Scurry noted the esteem in which Tipu was held in Britain, though he condemned the methods of cruelties that he unleashed on his subjects and prisoners of war:

Since our arrival in England, we have ofttimes heard him extolled for a brave prince; but those who have thus stated, we presume, know little of hira. That he was a coward, we could easily demonstrate, and that he was a tyrant, equal, if not superior, to a Domitian, a Caligula, a Nero, or even Nabis the tyrant of Sparta, is a fact of which we had ocular demonstration.

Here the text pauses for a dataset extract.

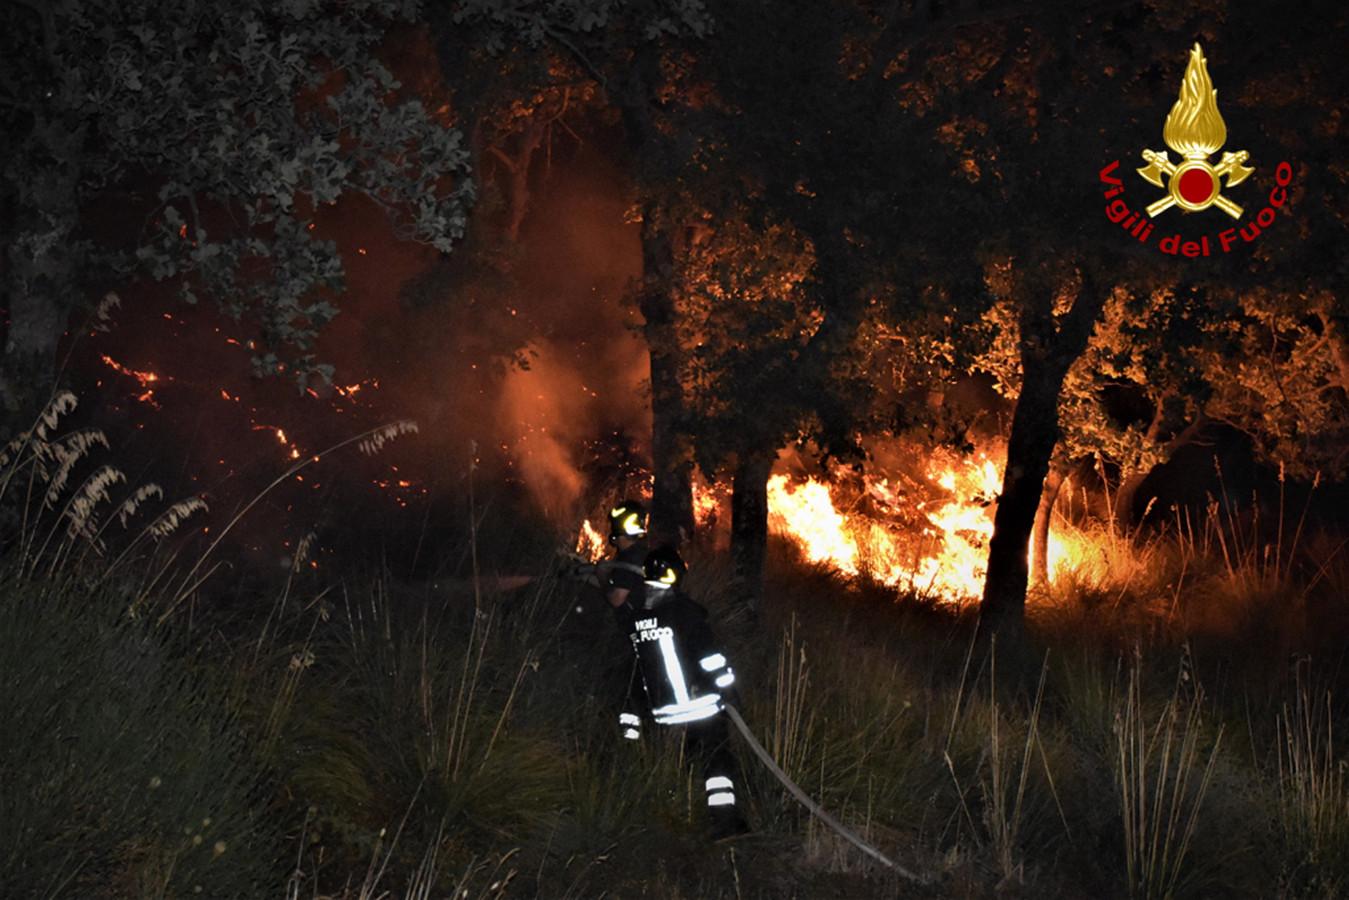 Brandweer bestrijdt het vuur in Sicilië.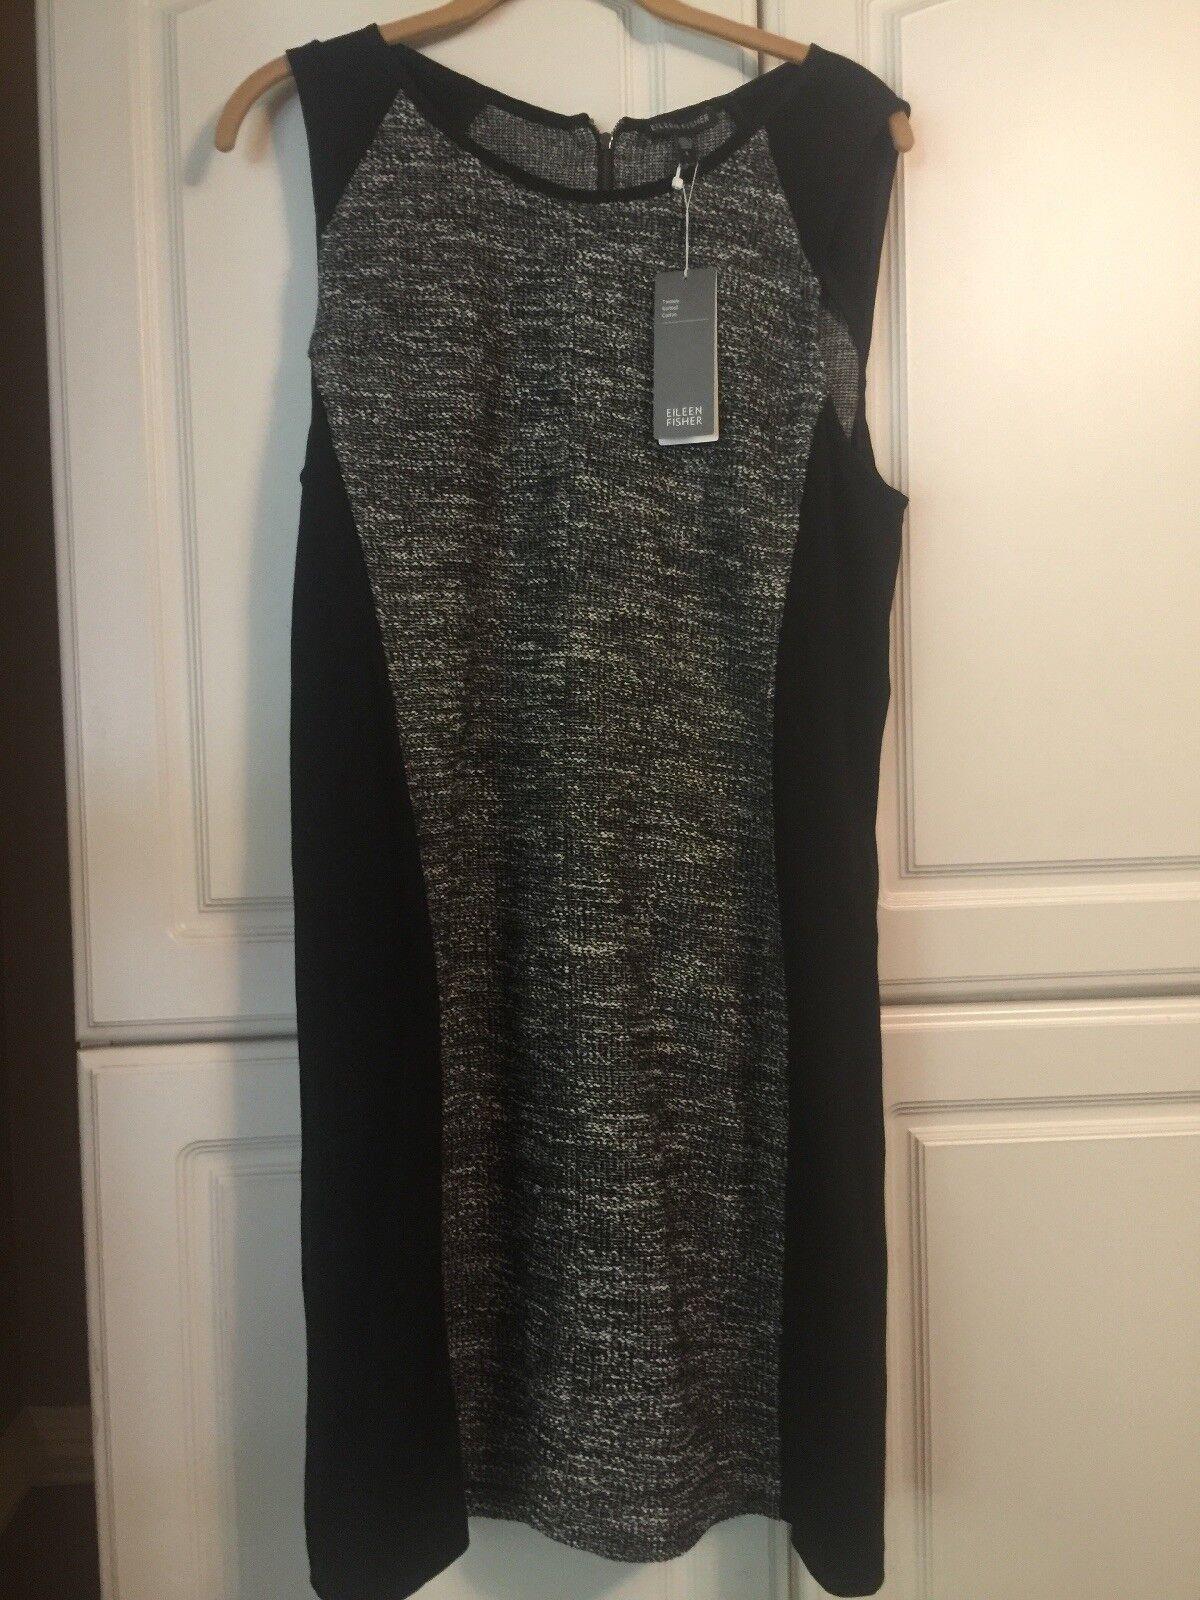 Eileen Fisher Round Neck K/l Tweedy Knitted Cotton Dress NWT (298.00 MSP) Large

For vigorously defending his country against any power on earth, I give him credit, and for using every exertion in expelling all its invaders; but this should have been done without those unheard-of cruelities, which were interwoven in his very nature;—but he is gone, and I proceed.

Scurry also contrasted the practises of Tipu with those of the European powers and his reputation among Europeans in India who knew him:

It is not among the customs of European nations to war with the dead, otherwise the remains of such a tyrant, whose peculiar aversion towards, and inveterate cruelty exercised on, the English, whenever they were so unfortunate as to become subject to his tyranny, might have been treated with indignity. The rooted and barbarous antipathy which he manifested against his prisoners in a former war, seems to have accompanied him to the last. About twenty unhappy stragglers from our army had fallen into his hands in the course of our march, among whom was a little drummer-boy of the Scotch brigade; all these he ordered to be put to death. Even his small motley band of French auxiliaries, execrate his memory as a most cruel tyrant, and represent, with bitter imprecations, the ignominy and hardships to which he subjected them.